Supplied information>
==============================

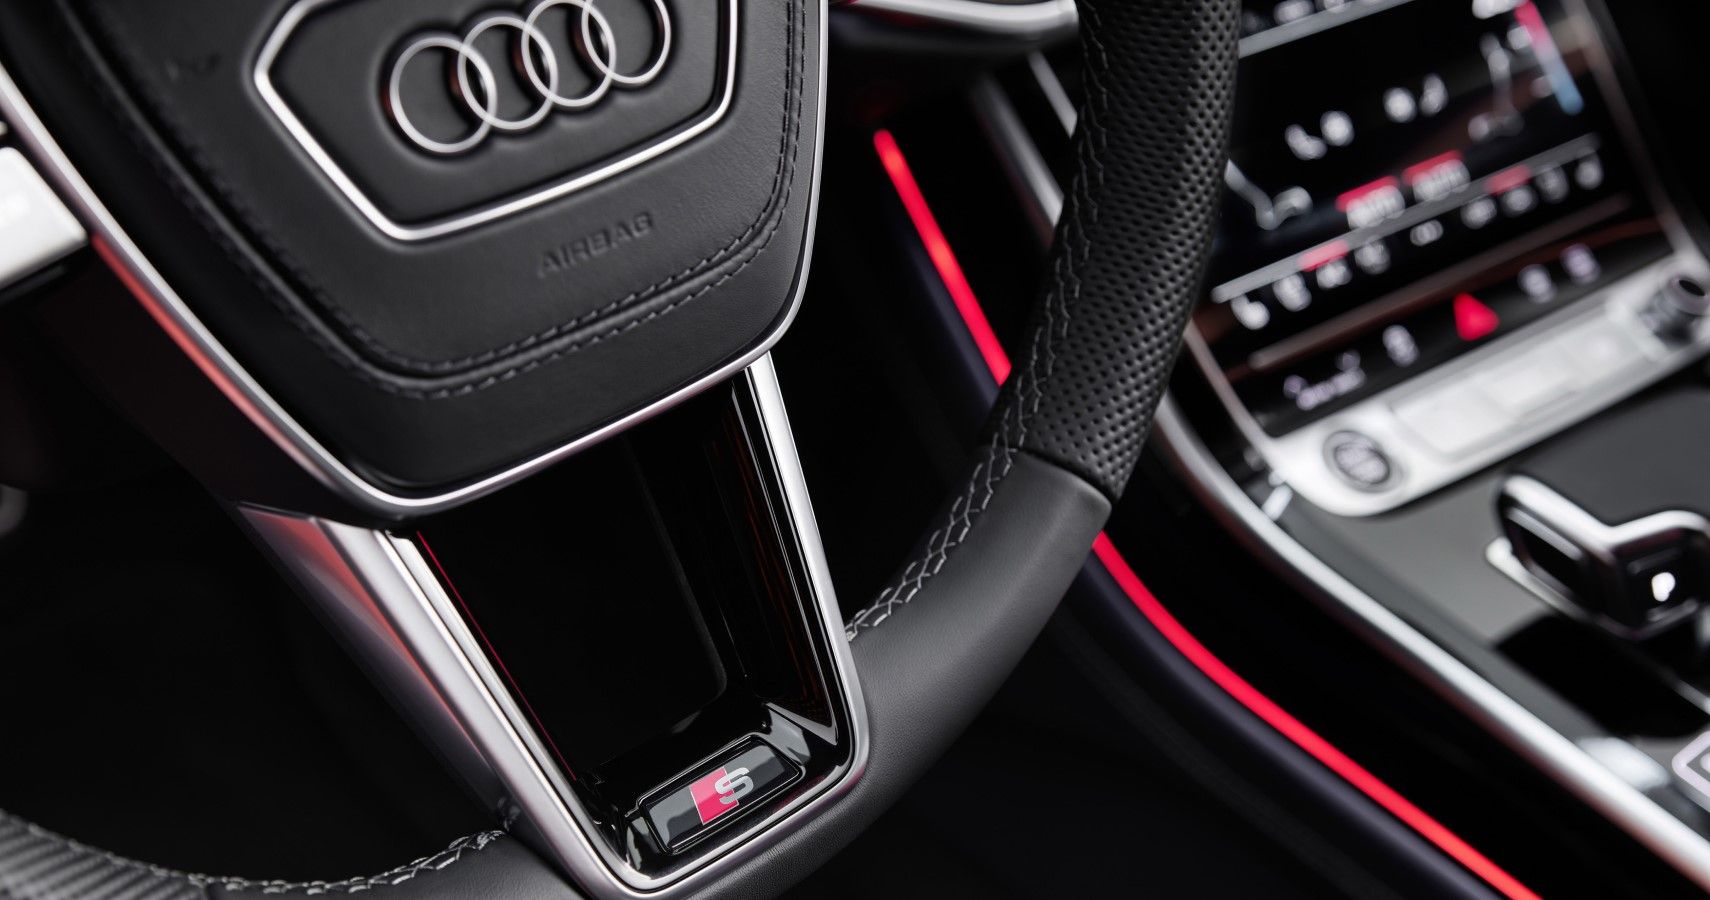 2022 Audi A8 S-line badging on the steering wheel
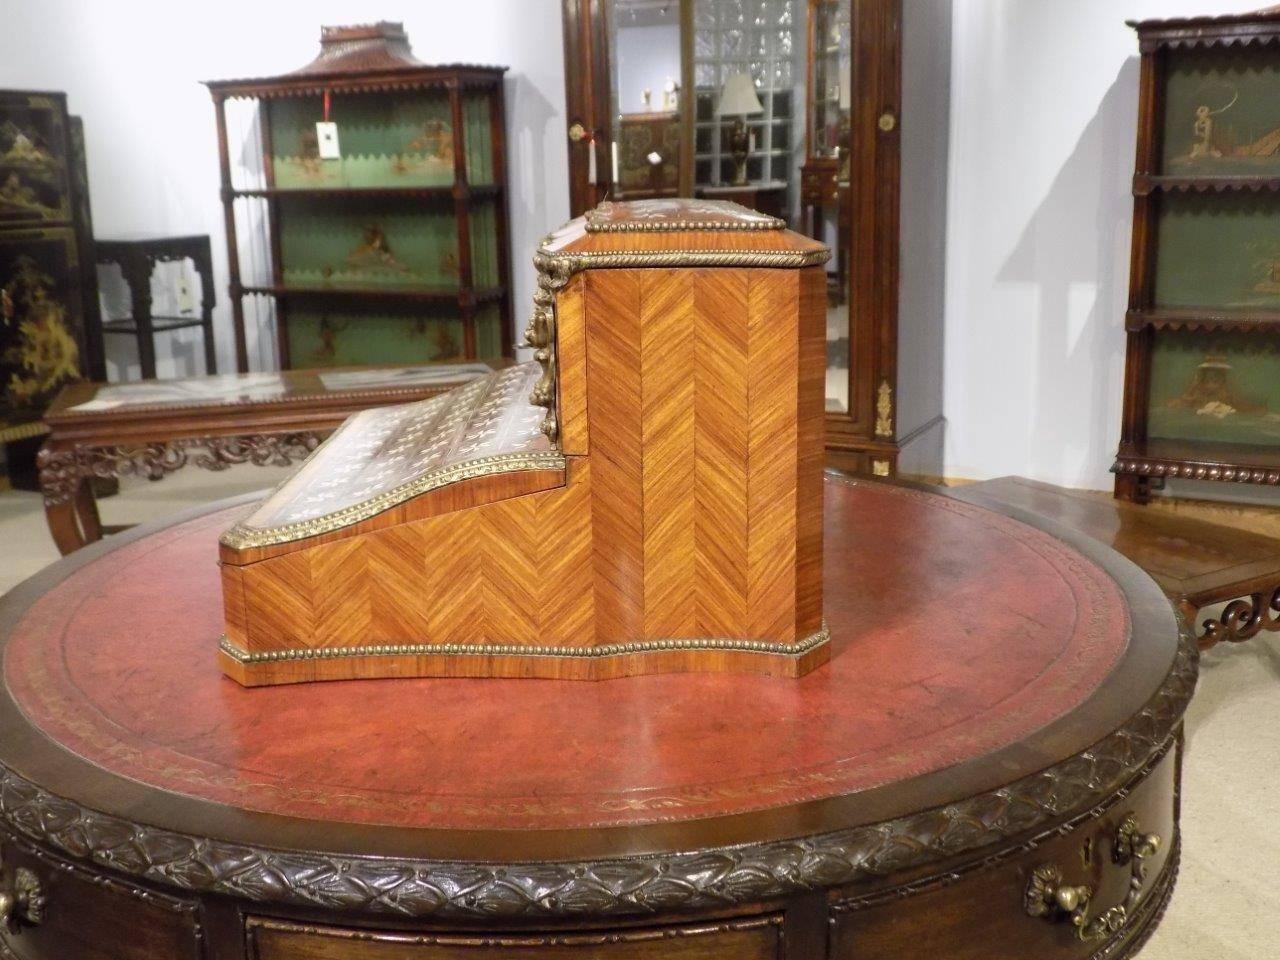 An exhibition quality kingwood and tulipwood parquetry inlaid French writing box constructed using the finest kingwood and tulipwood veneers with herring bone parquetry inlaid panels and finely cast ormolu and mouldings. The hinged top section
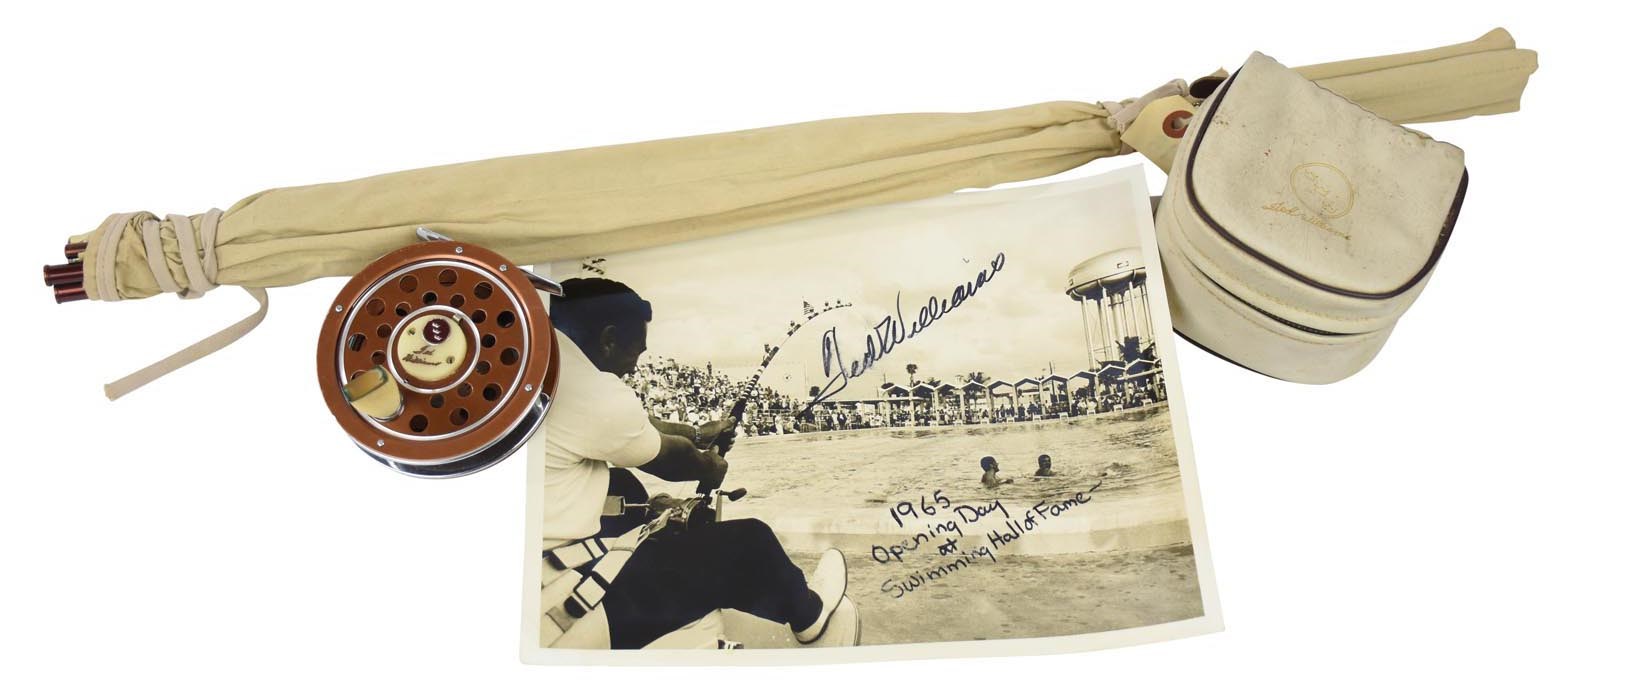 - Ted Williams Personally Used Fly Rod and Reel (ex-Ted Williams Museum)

==============================

Task brief> Copy out the material above exactly; the images stay out.

Task result>
 2022 Audi A8 S-line badging on the steering wheel
 An exhibition quality kingwood and tulipwood parquetry inlaid French writing box constructed using the finest kingwood and tulipwood veneers with herring bone parquetry inlaid panels and finely cast ormolu and mouldings. The hinged top section
 - Ted Williams Personally Used Fly Rod and Reel (ex-Ted Williams Museum)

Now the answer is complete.